Домой. Тишина пустой квартиры. Ни голосов, ни звука шагов, исключая ее собственные. Что-то погромыхивает и шипит в радиаторах центрального отопления. Кто-то должен появиться. Сейчас. Сию же минуту. Кэрри так хочет, чтобы он появился немедленно. Нет, не через неделю, не через месяц, даже не завтра. Сию минуту.
Зазвонил телефон – Джерри Джексон. Кэрри условилась встретиться с ним вечером следующего дня.
Рекс выбрал время посмотреть сценку из «Цветка кактуса», которую прямо в агентстве разыгрывала одна из их моделей и Роки Эспозито, за которым Рекс приударял.
Когда актриса распрощалась, Роки задержался около письменного стола Рекса.
– Что слышно насчет работы для меня? – спросил он.
– Предложил тебя на лимонный дезодорант для мужчин, – ответил Рекс, воровато поглядев на противоположную дверь.

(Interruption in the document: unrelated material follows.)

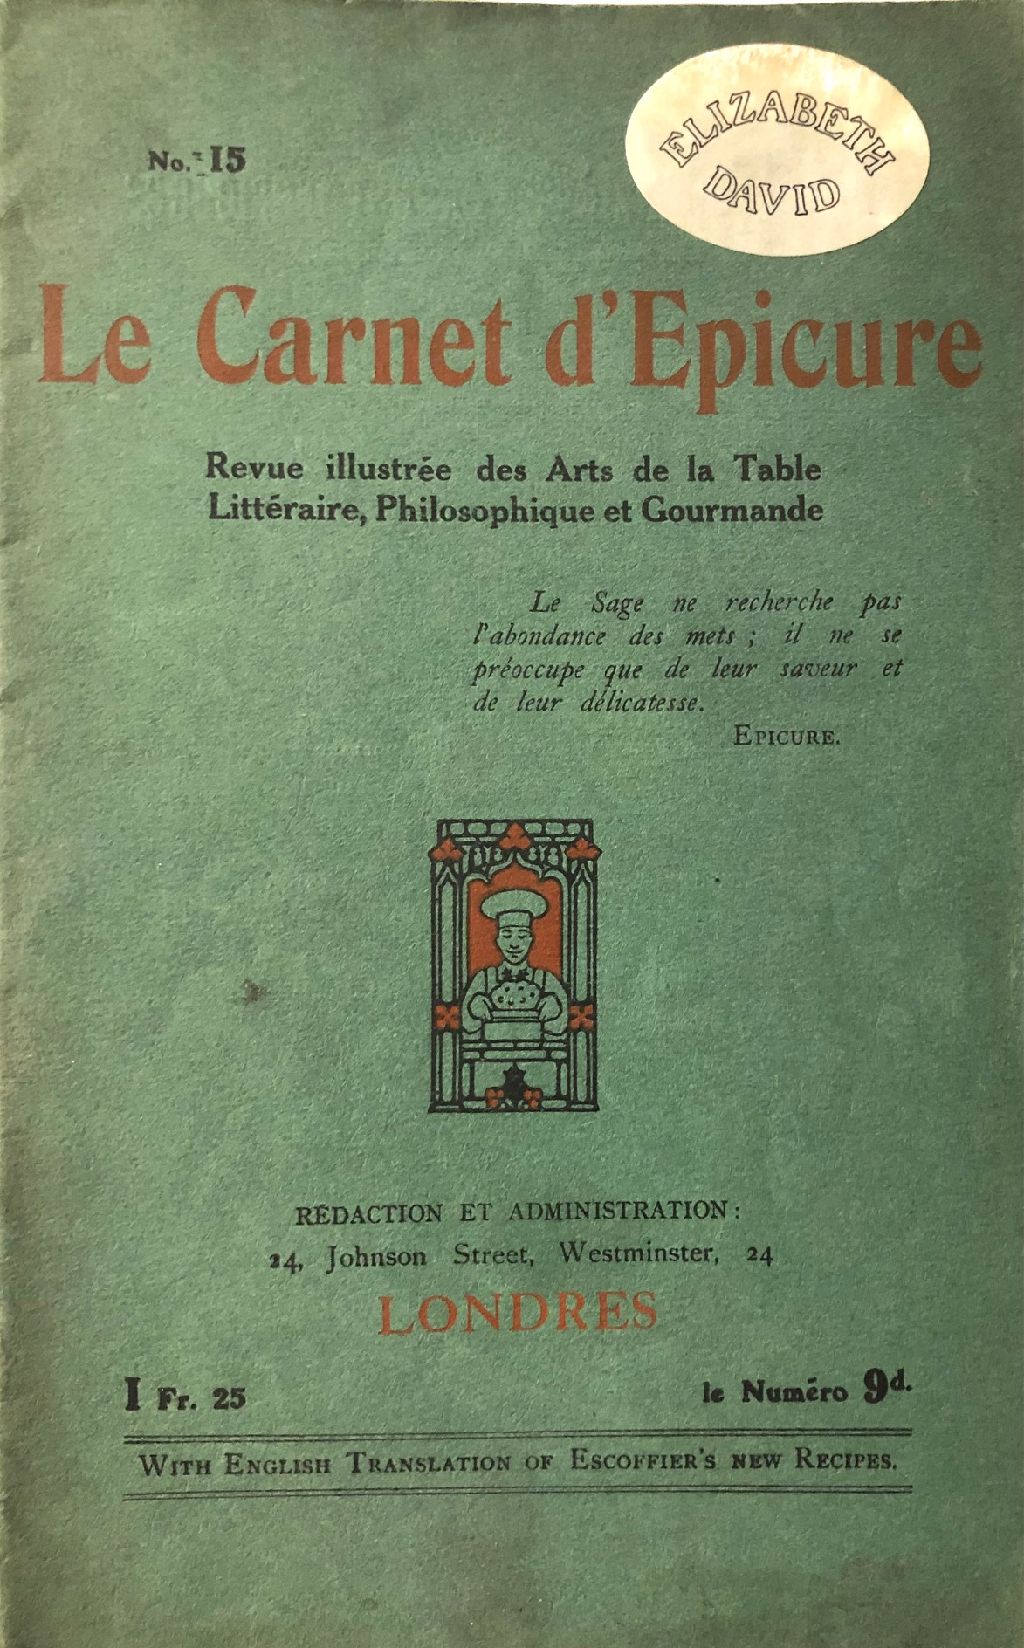 (*NEW ARRIVAL*) Elizabeth David. 8 issues of Le Carnet d'Epicure with her bookplate to front covers.

– А что с электробритвой Уильямса?
– Никак не примут решение.
– Ты же обещал направить меня на собеседование по рекламе «Хай-карате», крема после бритья, и так ничего и не сделал!
– Что я могу сделать, если фирма меняет весь план рекламной кампании?
– Я нуждаюсь в работе, Рекс. Ты мне говорил, что я буду выше головы обеспечен работой, если только мы…
– Я помню, помню, – поспешно забормотал Рекс. Раздался звонок по внутреннему телефону. Звонила Чарлин.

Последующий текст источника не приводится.